In all cases the disinfectant activity was enhanced by careful and repeated wiping, as the mechanical activity aids in the disruption of the viral particles as well as cleaning the surface prior to disinfecting (WHO Global, 2020). Compatibility of materials with disinfectants (Table 3) was based on the surface, or surface coatings, being in good/sound condition (without cracks or losses) prior to the application of the disinfectant. Previously damaged surfaces were not included in this assessment.

Table 3

Surface compatibility with disinfectants. In the case of generic designations such as ‘plastic’ the selection of disinfectant should be compatible with the specific material. Disinfectant suitability was determined through consultation with material-specific conservation experts.


DISINFECTANT SUITABILITY

SURFACE ALCOHOLS PEROXYGEN COMPOUNDS SURFACTANT/DETERGENT AND WATER

Ceramics (glazed)

Ceramics (unglazed)

Glass without applied surface coating

Iron

Stainless steel

Copper

Bronze and Brass

Painted, oil based paint

Plaster (lime)

Plaster (Plaster of Paris, fibrous)

Plastic

Alabaster

Stone and Concrete

Wood (no applied surface finish)

Wood (wax finish)

Discussion

During the development of the guidance for decontamination of surfaces for COVID-19 it became clear that isolation for materials which were incompatible with the disinfectants would be the most suitable approach.
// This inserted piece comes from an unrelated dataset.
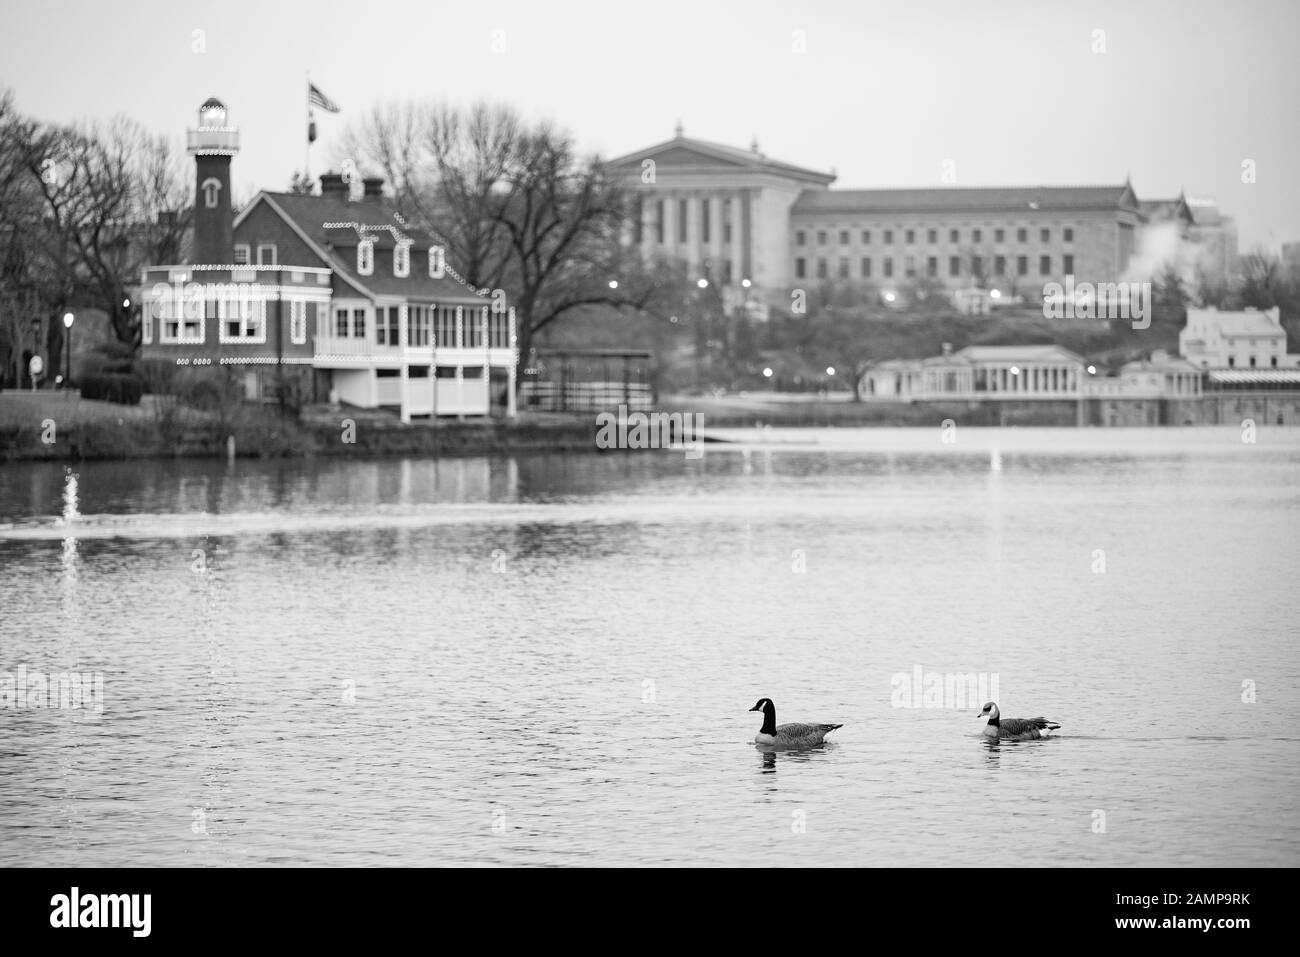 A black and white photo of two ducks swimming on a river with an illuminated boathouse and the Philadelphia Museum of Art in the background. Stock Photo

Isolation or quarantining heritage materials based on the known persistence of SARS-CoV-2 on the material is the simplest and most effective approach, but not always possible. Materials can also be isolated by restricting access to them by creating an environment where they couldn’t be contaminated i.e. space closure or preventing them from being touched, or through covering surfaces with appropriate materials, e.g. Tyvek ™ or Melinex ™.

Other methods of protecting historic surfaces should also be considered, even when they may be chemically compatible with the disinfectant, for example regularly reapplying wax on existing waxed surfaces should give additional protection against the increased cleaning and disinfecting required during the pandemic.
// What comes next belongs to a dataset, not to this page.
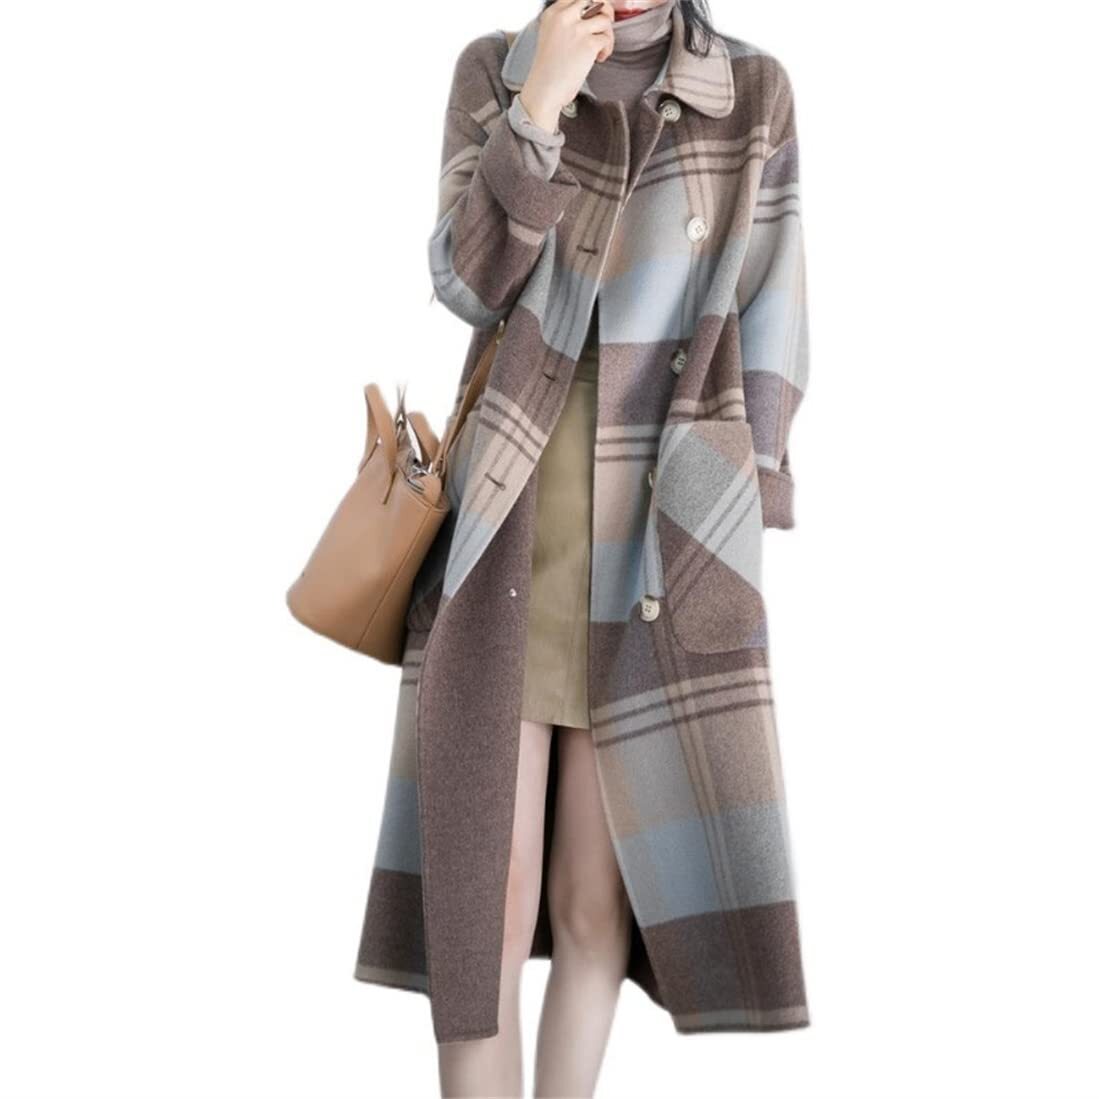 [YUANYUAN] lady's Chesterfield coat coat outer long coat long outer trench coat Korea manner check pattern long height .

Understanding the persistence of the virus on different surfaces also provides an option to mitigate the risk to both staff and heritage surfaces. If the rooms, areas or surfaces can be quarantined for the appropriate period then standard cleaning methods can be used.

Given the gaps in the available information it was deemed essential to cover why the disinfectants were not suitable for defined surfaces and to make the end user aware of when there was no information on the persistence of the virus on certain materials. With the global pandemic showing no signs of receding, combined with the political desire to reopen society as best as possible, it becomes clear that further research is required to build on the current data regarding the persistence of the viral particles on different materials. This is supported by the published persistence of the virus on plastic, the articles do not state which plastic was used and have substantially different periods of persistence. Similarly no information is available on common surfaces in buildings such as painted plaster. Hopefully with further research the published guidance can be updated in the future, and the authors would appreciate being made aware of any ongoing research in this area.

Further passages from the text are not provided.